Cots fold up tightly for storage and packing, but their weight and size (even when folded) make them impractical for backpacking, so they’re better suited to car camping or long-term base camps.
When you’re shopping for a sleeping bag, you’ll have three primary considerations when sorting through your choices:
First, you’ll want to decide on the type of insulation you prefer in the sleeping bag. Down has the best warmth-to-weight ratio and compresses very easily, making it great for backpacking. However, unless you have a bag filled with water-resistant down, you may run into problems in damp environments since down clumps together when it’s wet and loses its insulating abilities.
Synthetic insulation, on the other hand, is going to be bulkier and heavier compared to a down bag of the same warmth, but it also retains the ability to insulate when it’s wet, and a bag with synthetic fill will generally cost less than a down sleeping bag.
First of all, you’ll want to look at the temperature ratings for each bag. If you’re strictly a summer camper, anything with a 30F and above rating will cover the bases. In cooler weather, you’ll want to be sure to select a bag that is warm enough that you’re not shivering all night.
Sleeping bags come in two basic shapes: mummy and rectangular, although there are a number of bags out there that are sporting innovative hybrid or semi-rectangular shapes. Mummy bags are ideal in winter and high altitudes because their body-contoured design maximizes warmth by keeping insulation close to your body and reducing the amount of open space your body has to heat. The narrow mummy shape also means there is less fabric and less weight to carry, which is great when you’re heading into the backcountry on foot. The downside of mummy bags is that there isn’t much room to move if you’re a fidgety sleeper. Women-specific mummy bags give you more room in the hips and are a bit narrower across the shoulders. Since women tend to sleep colder than men, women’s bags will usually include extra insulation in the foot box, chest, and hood.

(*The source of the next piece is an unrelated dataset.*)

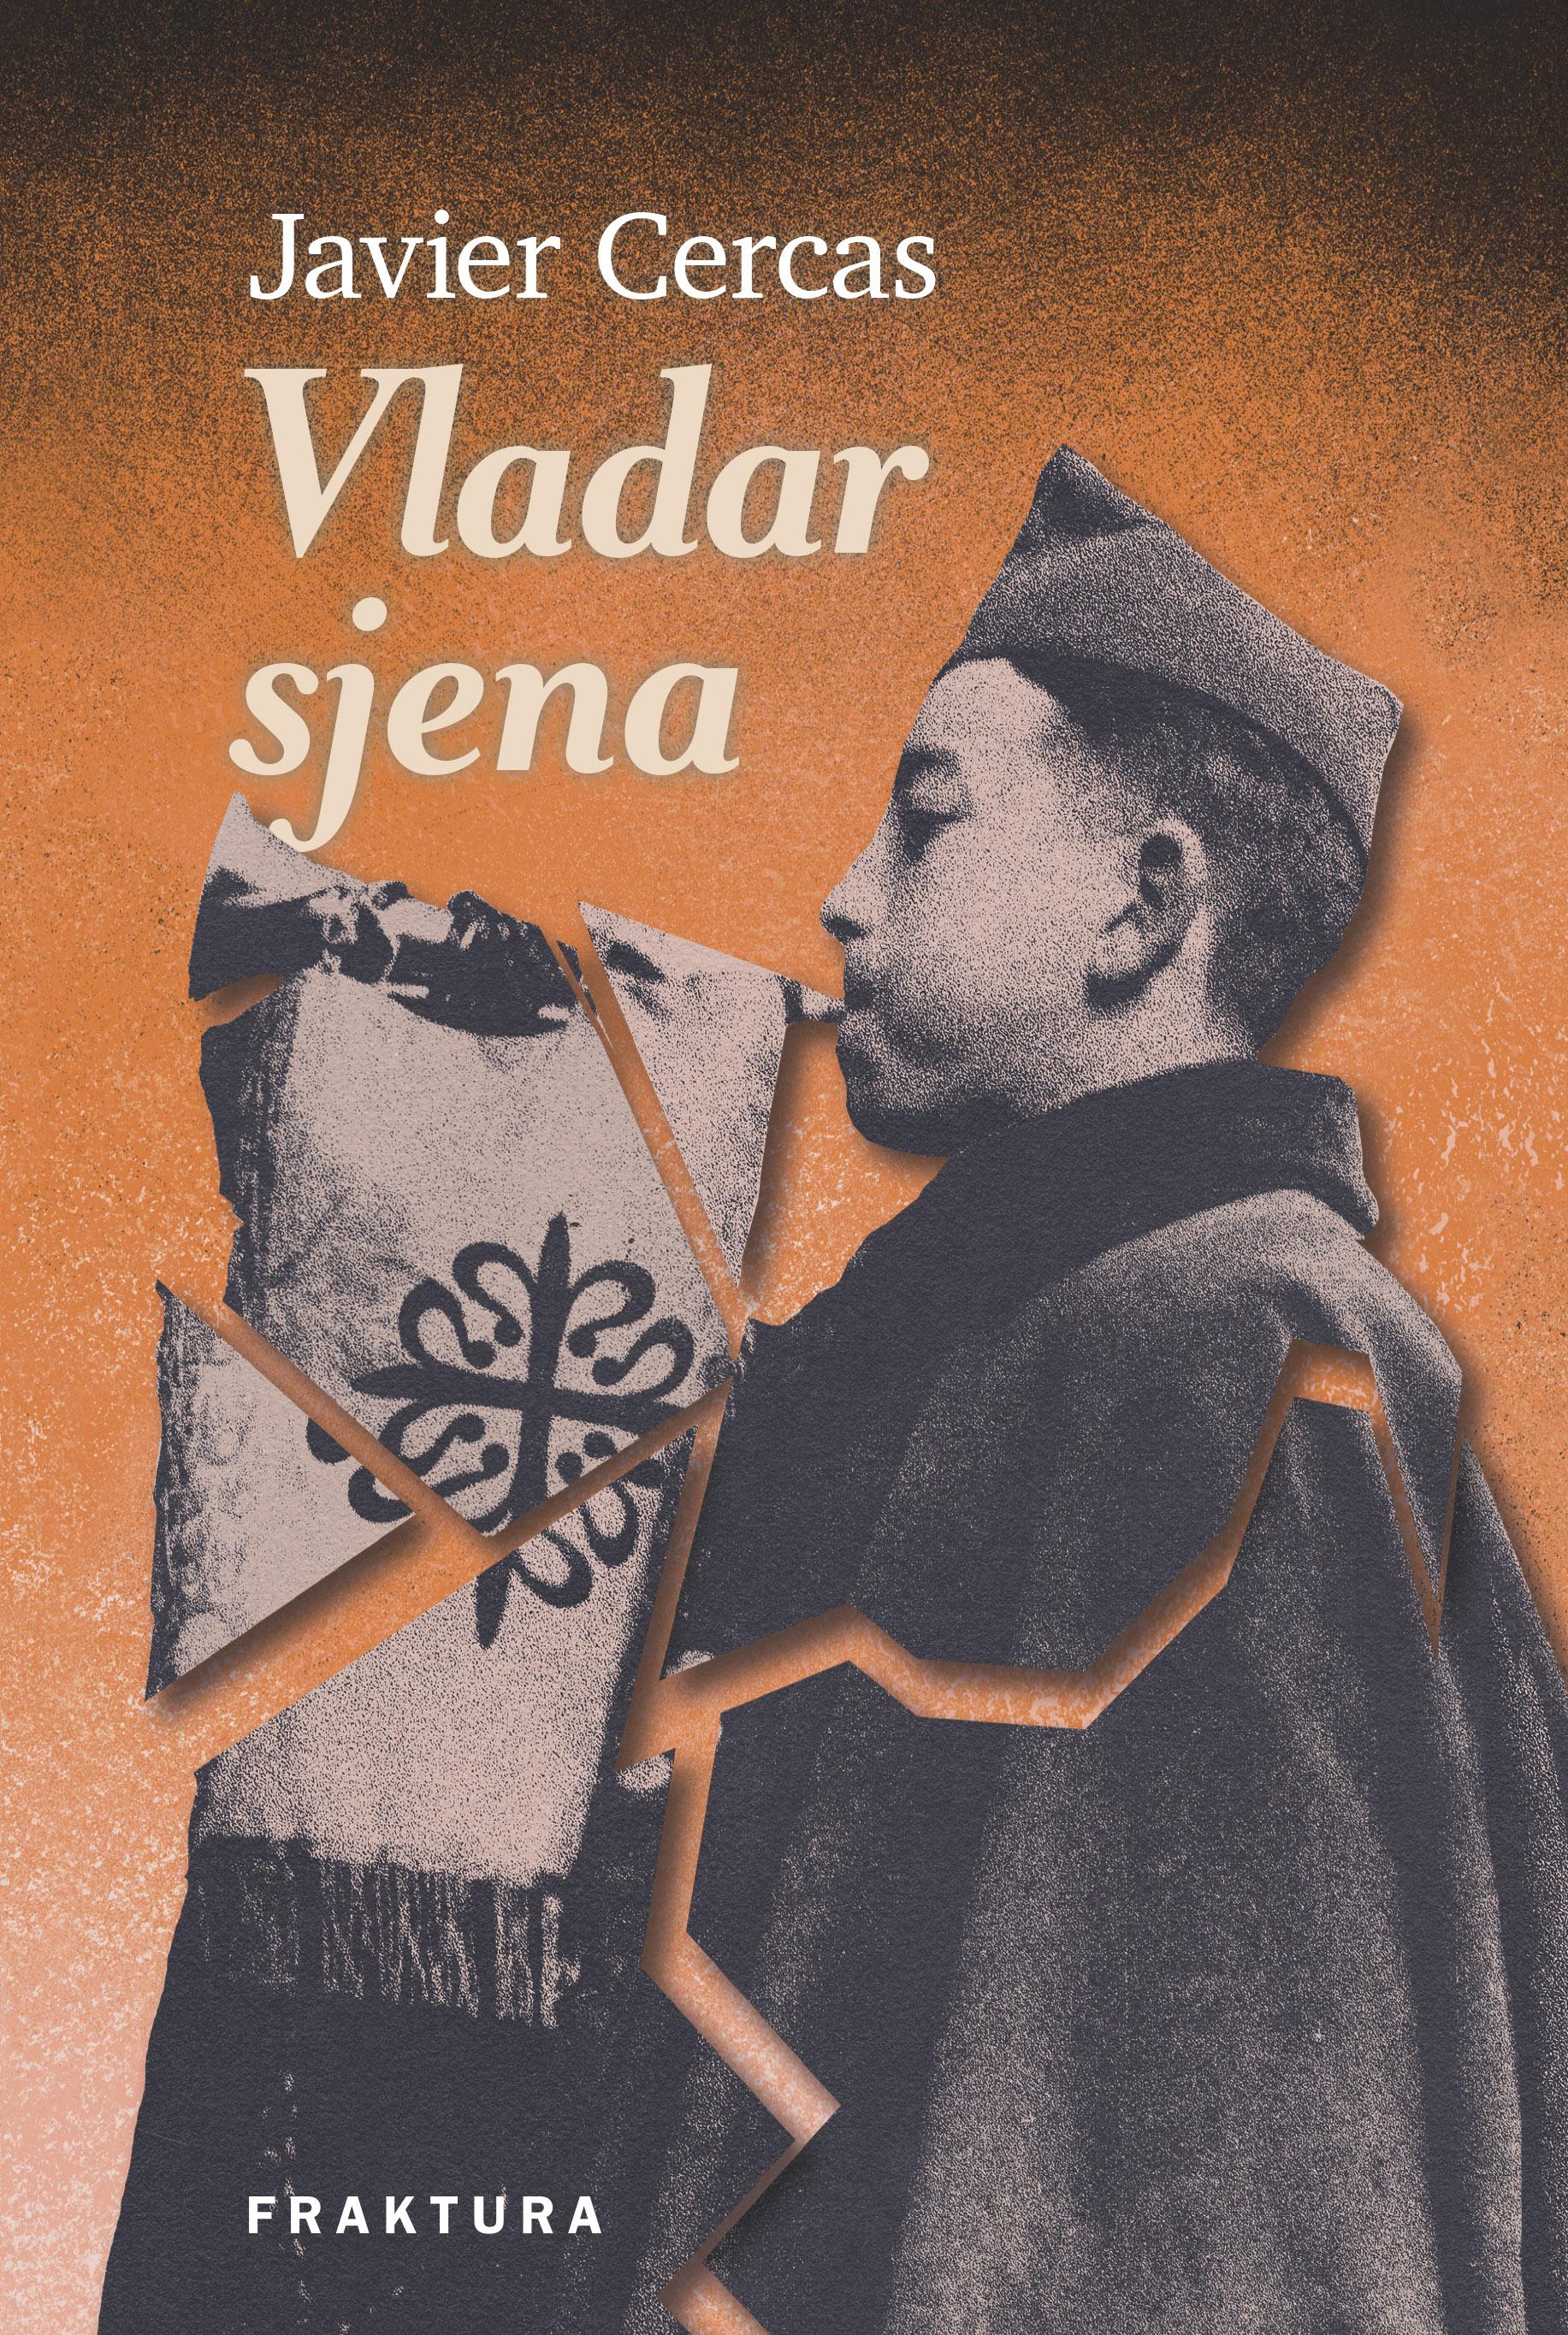 Javier Cercas: Priča o Manuelu Meni (poglavlje iz romana

Rectangular or semi-rectangular bags offer more room to move and allow you to sleep in several positions, but because they have more space, it takes more body heat to keep them toasty. Their roomier shape means they generally weigh more and use more pack space, so they are best suited to car camping or yurt trips rather than backpacking. Rectangular bags can also be fully unzipped and used as blankets for warm-weather camping.

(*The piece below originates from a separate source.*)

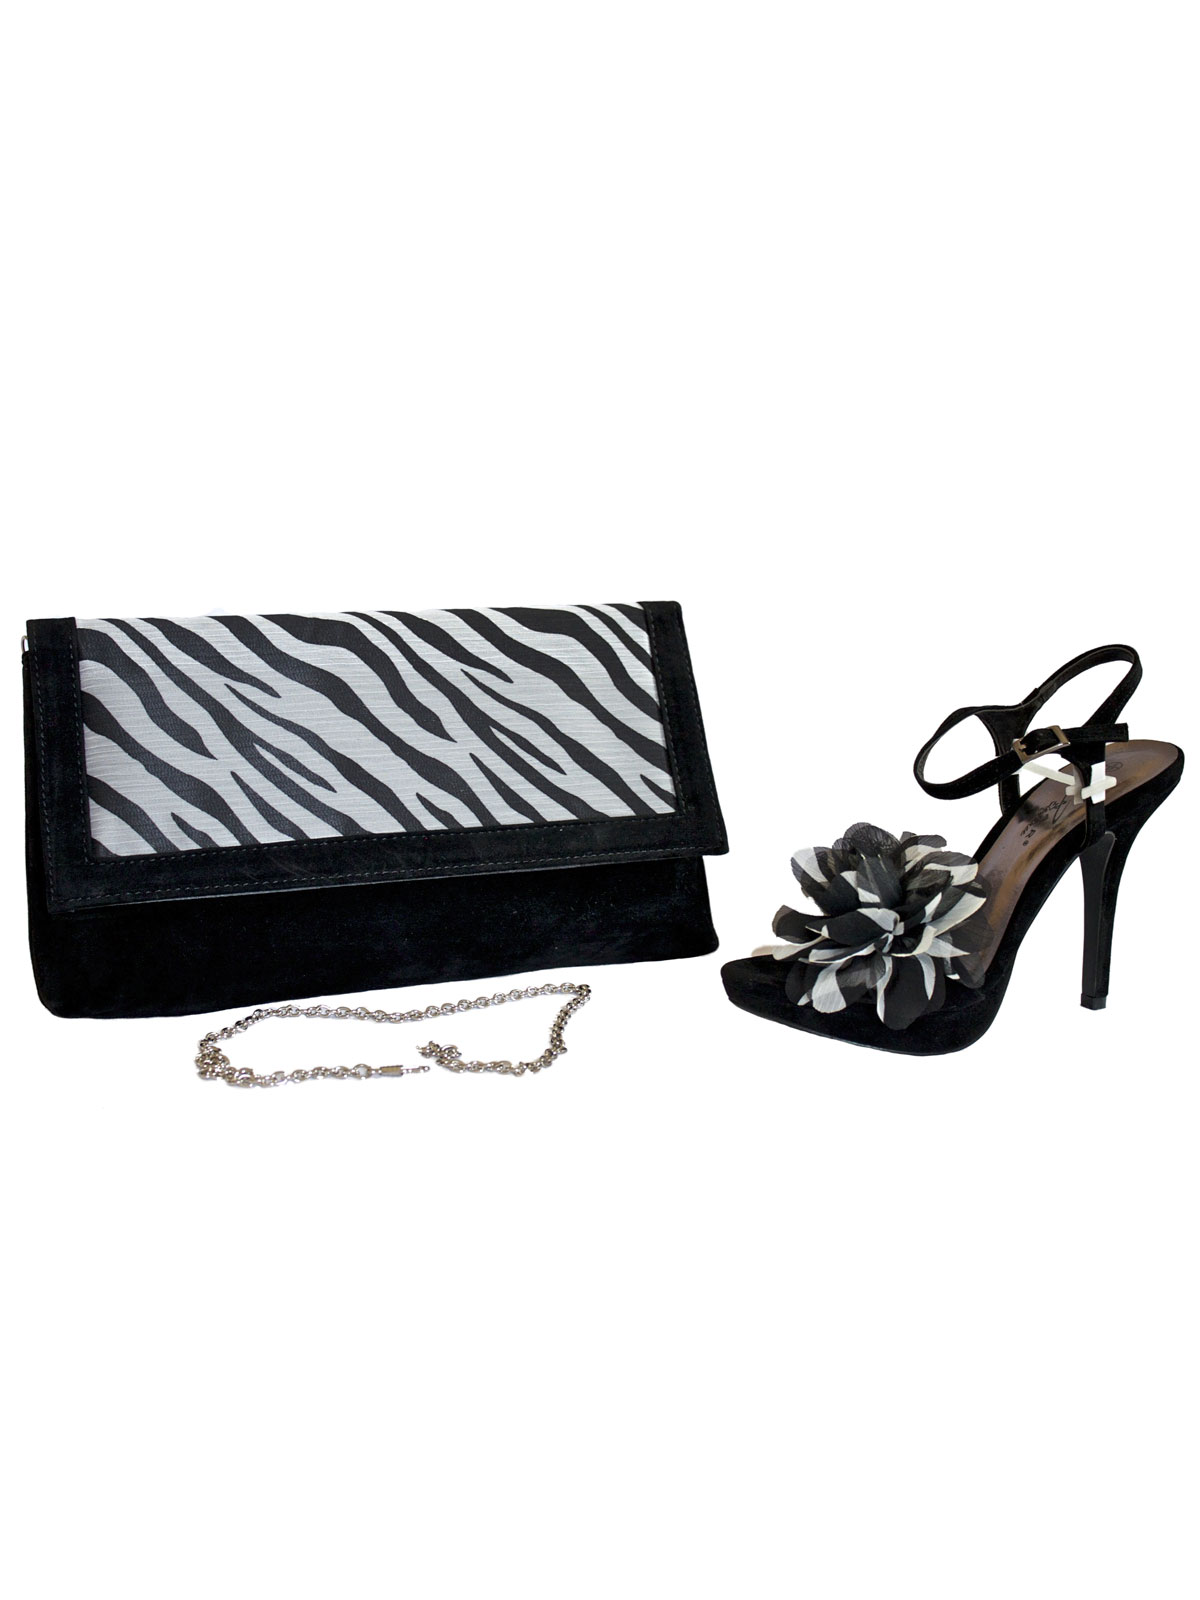 Lunar Black White Stiletto Slingbacks and Bag

If you’re camping with a favored cuddle buddy, look for double-wide bags or rectangular bags that can be zipped together to create one large bag. You’ll be able to share body heat and sleep a lot warmer. Sleeping bags, just like people, don’t have to be exact matches to get together, but they do have to be compatible in the following areas: the zippers must have the same sized teeth, the zippers must be the same length, and one bag must have a right-facing zipper while the other has a left-facing zipper.